Губы Валентина вздрогнули и скривились вбок. Он поправил воротник старушечьего пальто и, стараясь дружелюбно, но настоятельно попросил:

– Баб Пань, если вы желаете мне и ей добра, то не называйте её больше Людкой. Пусть она с сегодняшнего дня будет для вас Милой.

– А какая разница? – сморщила она в раздумье и без того свой морщинистый лоб ещё больше.

– Для меня очень большая, – аккуратно и расплывчато пояснил Егоров.

– Ну-у, раз для тебя больша-а-ая, – тогда договорились, – деловито пообещала баба Паня, и они вошли в подъезд.

Валентин пожелал старушке спокойной ночи и поднялся на свой этаж, толкнул свою дверь, но остановился и посмотрел на другую дверь – противоположную. Не осознавая зачем, он прошёл в тринадцатую квартиру и включил в коридоре свет. Рассматривая, погладил ладонью дверцу прихожего шкафа, но открывать её не стал. Зашёл в комнату и нащупал на стене тумблер. Скромная, затворническая обстановка, в которой жила Маргарита, настороженно встретила Валентина. Не заправленная кровать, которая никогда уже не согреется человеческим теплом, мебельная стенка с вазочками и фарфоровыми статуэтками на полках, за которыми стояли накренившиеся в разные стороны книги, платяной шкаф с одной оторванной ручкой на дверце. Валентин открыл его и увидел среди серых и чёрных строгих женских костюмов красное платье. Он достал платье, повесил его у стены, зацепив крючком вешалки за выключатель, и отошёл в центр комнаты. Егоров представил в нём Маргариту и горько пожалел, что в реальности такой образ никто и никогда уже не увидит. У Валентина возникло, вдруг, странное желание; ему захотелось поделиться, пусть уже не с самой Маргаритой, а хотя бы с её духом, той радостью и волнением, которое он испытал, обнимая сегодня Милу. Хотелось помечтать вслух о том, что будет дальше.
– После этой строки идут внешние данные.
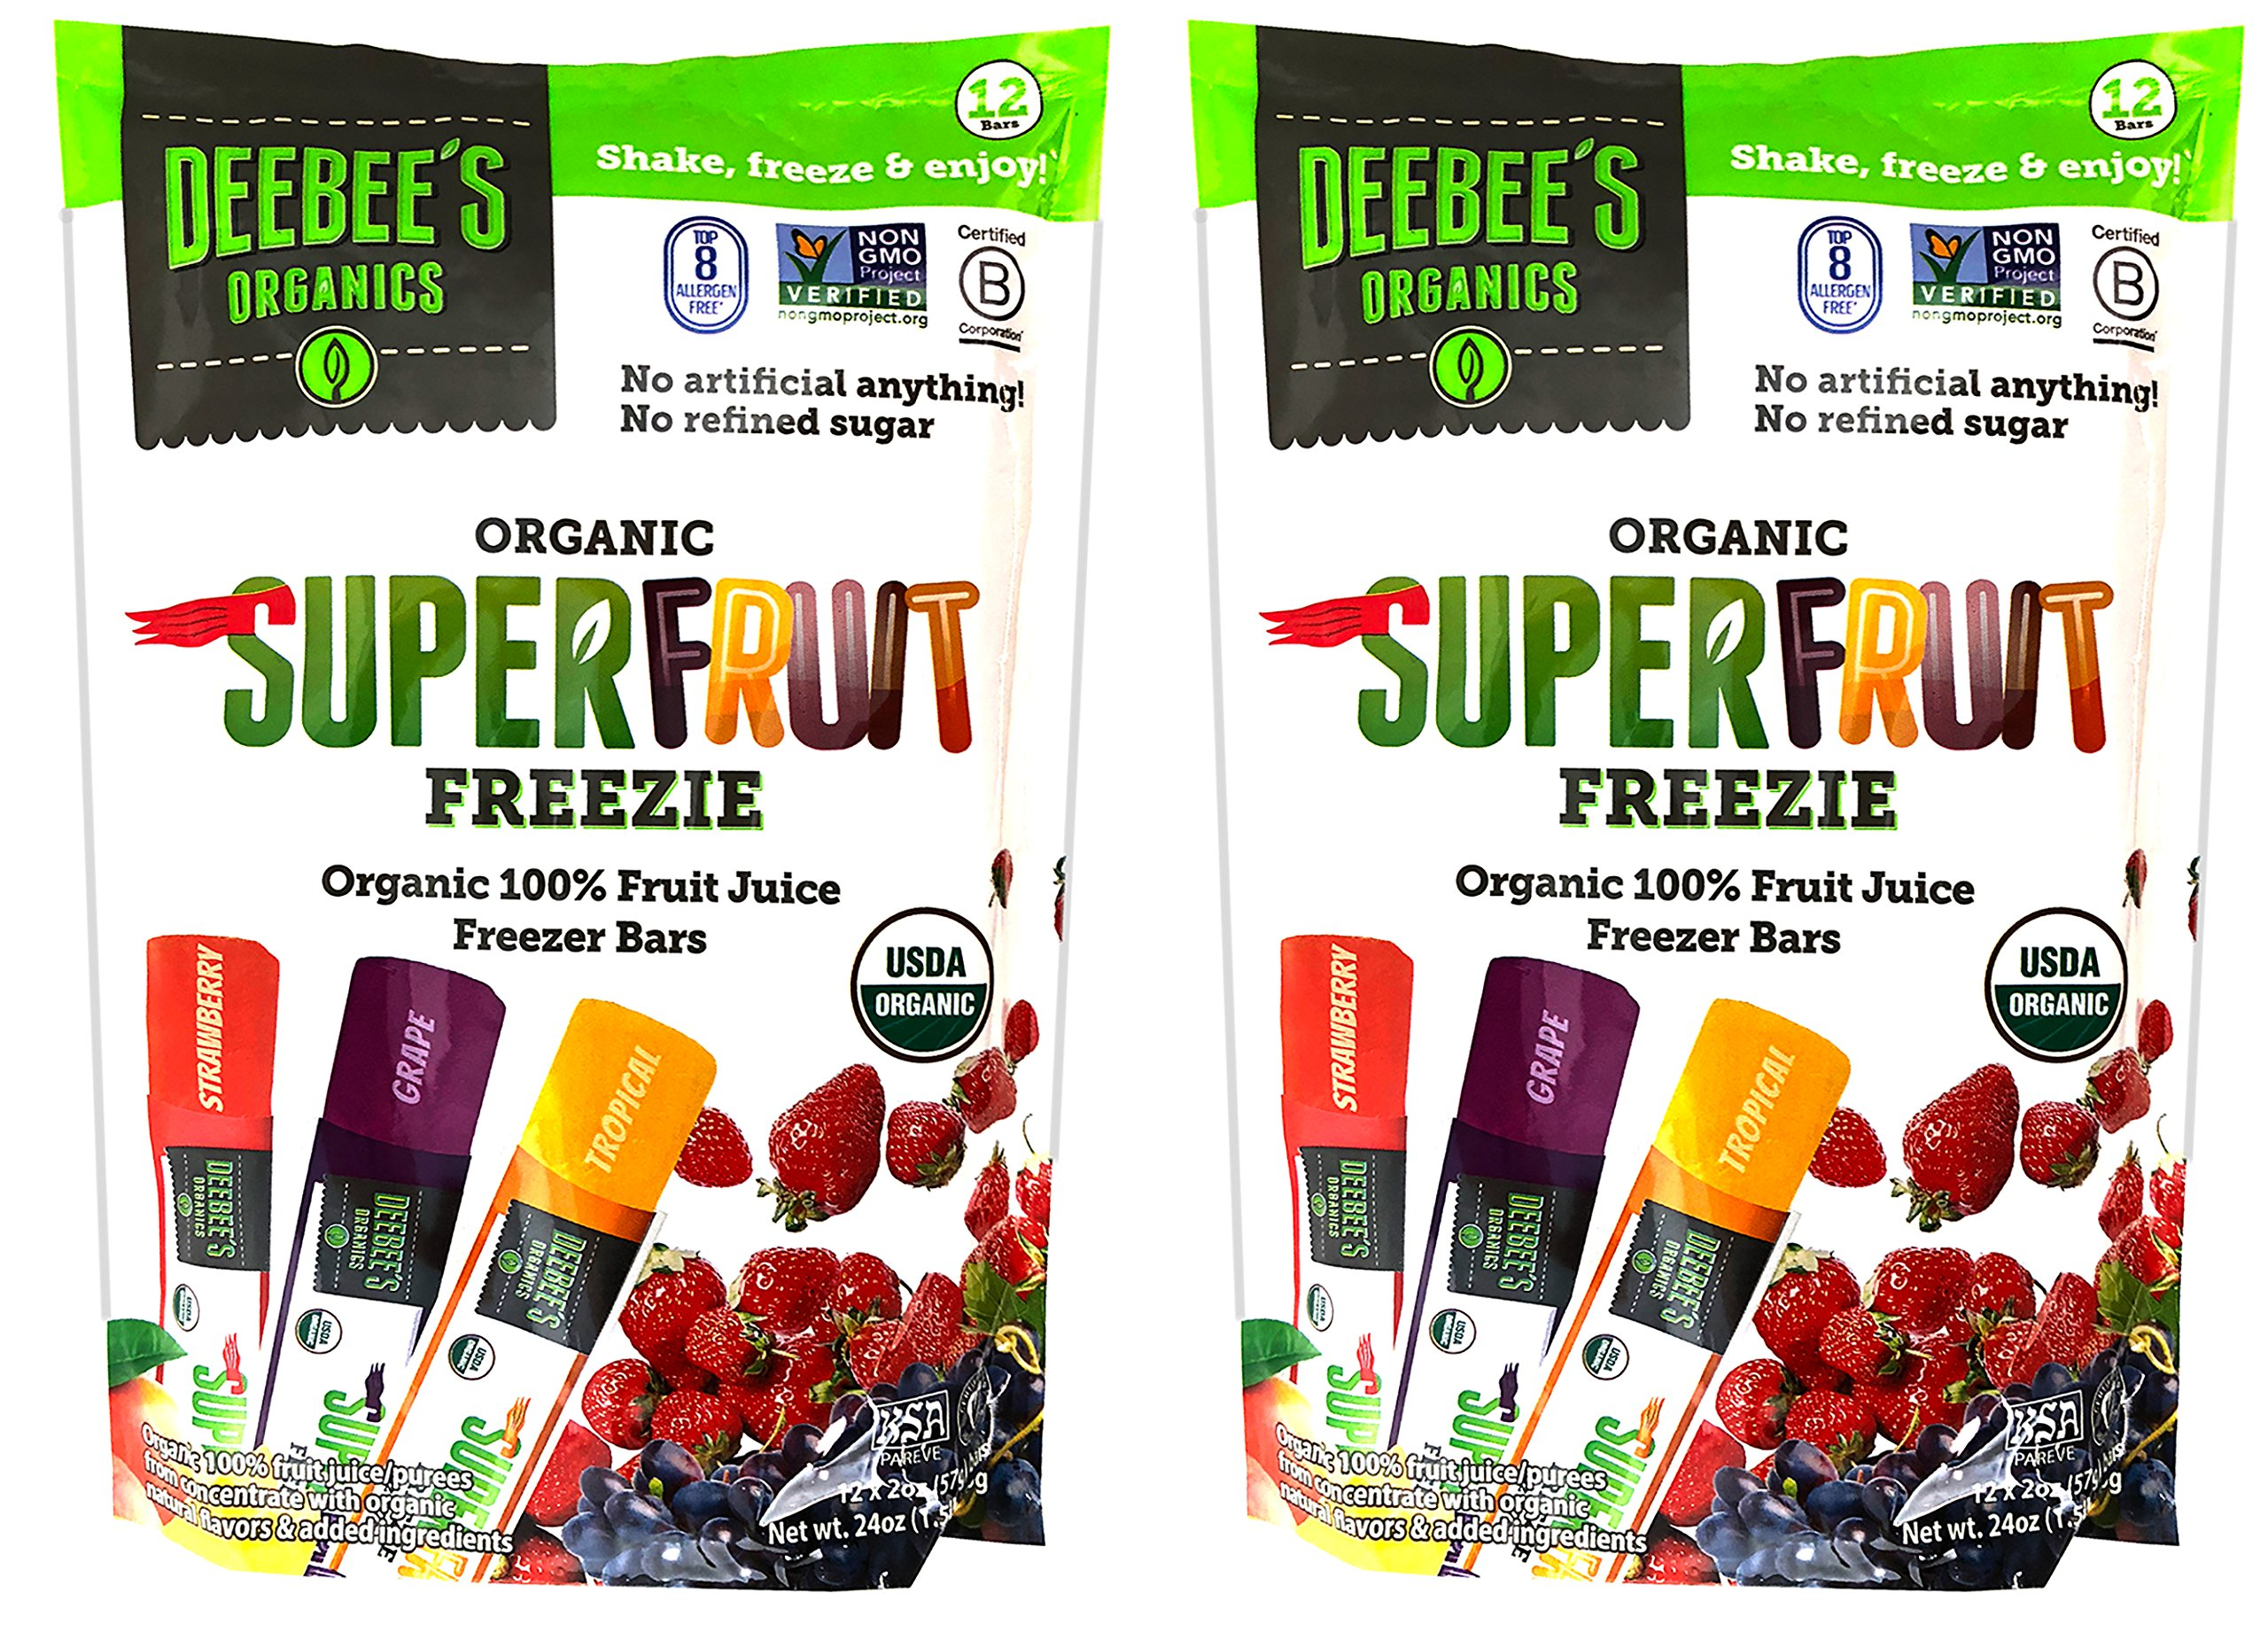 Deebee's Organic Superfruit Freezie Pops - Organic 100% Fruit Juice Freezer Bars (Pack of 24)

Но сиротливая, брошенная на произвол судьбы комната, успевшая пропитаться обречённостью, кроме грусти никакого вдохновения не навивала. Валентин, уходя, хотел выключить свет, но что-то его остановило; он подумал, что темнота, не самый подходящий гость в этой квартире сегодняшней ночью и включил лампочку ещё и, пройдя на кухню, а после удалился к себе.

Наступила ночь. Округу продолжал сковывать необычный туман, и люди, находящиеся в доме, кто во власти сна, кто в эфире романтических грёз, не имели никакой возможности знать, что происходило далеко за их окнами. А у леса, под густым тёмно-серым покровом, из потревоженной сегодня лопатами земли, с неестественной быстротой прорастал тонкий саженец.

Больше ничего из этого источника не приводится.